Although the only testimony pertaining to Bailey's consent is Muse's undisputed testimony that Bailey voluntarily consented to the search of his black Lexus, the diagram found therein must, nonetheless, also be excluded. When there has been a Fourth Amendment violation, "the government bears the heavy burden of showing that the primary taint of that violation was purged." United States v. Caro, 248 F.3d 1240, 1247 (10th Cir. 2001); United States v. Reeves, ___ F.3d ___, 2008 WL 1961246, *5 (10th Cir.) ("When a consensual search is preceded by an unlawful [detention], the government must prove the consent was given voluntarily. It must also 'establish a break in the causal connection between the illegality and the evidence thereby obtained.'"). To satisfy this burden, "the government must prove, from the totality of the circumstances, a sufficient attenuation or 'break in the causal connection between the illegal detention and the consent.'" United States v. Gregory, 79 F.3d 973, 979 (10th Cir. 1996) (quoting United States v. McSwain, 29 F.3d 558, 562 n. 2 (10th Cir. 1994). The factors to consider under the totality of the circumstances test are: "(1) the temporal proximity of the illegal detention and consent, (2) any intervening circumstances, and (3) the purpose and flagrancy of any official misconduct." Caro, 248 F.3d at 1247 (quoting Gregory, 79 F.3d at 979); Brown v. Illinois, 422 U.S. 590, 603-04 (1975).

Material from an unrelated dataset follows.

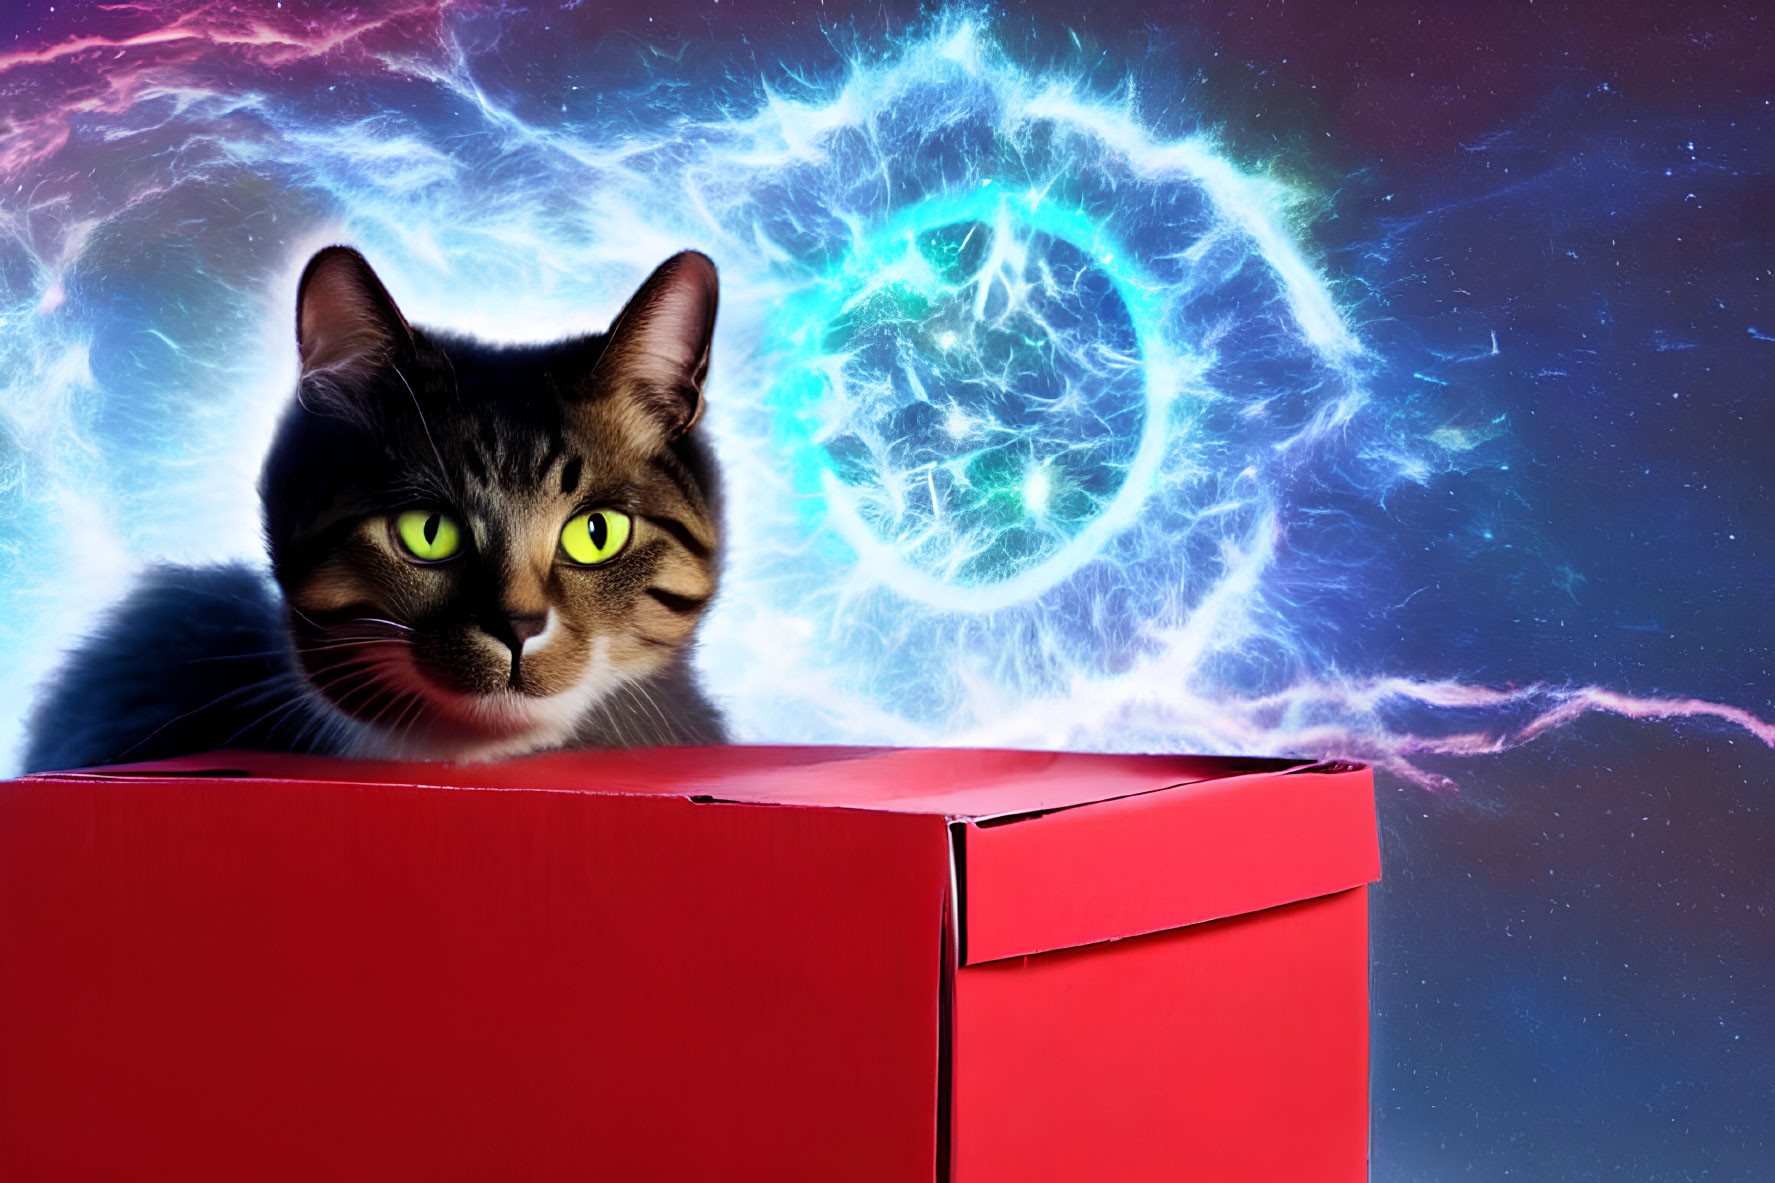 Tabby Cat with Yellow Eyes in Cosmic Setting against Red Box
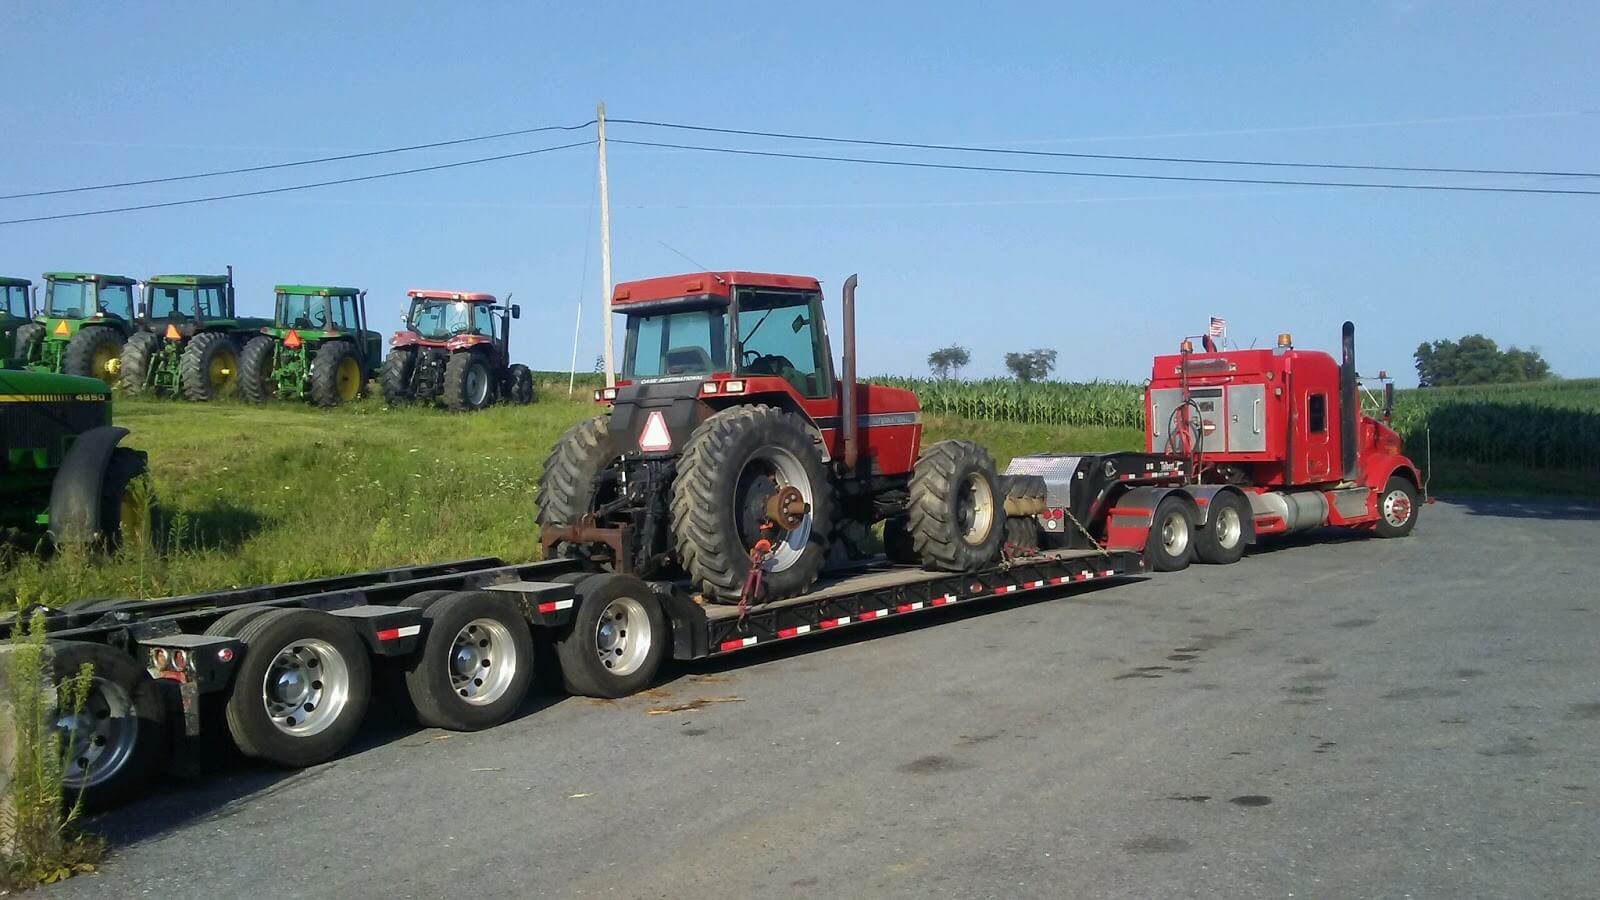  Case IH 1720 Tractor being transported

Both Snow and Mahan testified that they did not hear Muse's and Bailey's conversation. And Bailey did not take the stand.

Although the government has argued that Bailey's consent to search the car was voluntary, it made no attempt to meet its burden to prove that the search was not an "exploitation" of the prior illegal detention. United States v. Melendez-Garcia, 28 F.3d 1046, 1054-55 (10th Cir. 1994). There was no lapse between the illegal detention and Bailey's alleged consent to search his vehicle and no intervening circumstances. Both of these factors support a finding that there was no "break in the causal connection between the illegality and the evidence thereby obtained." United States v. Fernandez, 18 F.3d 874, 883 (10th Cir. 1994) (quoting United States v. Recalde, 761 F.2d 1448, 1458 (10th Cir. 1985)). Further, the purpose and flagrancy of Muse's conduct also weighs against a finding of voluntary consent. Muse offered no reason for the detention of Bailey other than Bailey approached him and engaged him in conversation, telling him that he was doing construction work on the house. The only reason Muse gave for patting Bailey down for weapons was that it is the first thing he does in high crime areas, a reason clearly lacking the requisite reasonable suspicion that Bailey was "armed and dangerous." And finally, even though there is no evidence that Muse thought Bailey's bulging wallet was a weapon, Muse nonetheless removed the wallet from Bailey's pocket. For these reasons, the Court also finds that Muse's conduct was "sufficiently egregious" that it tainted any consent that Bailey may have given for the pat down or the search of his vehicle.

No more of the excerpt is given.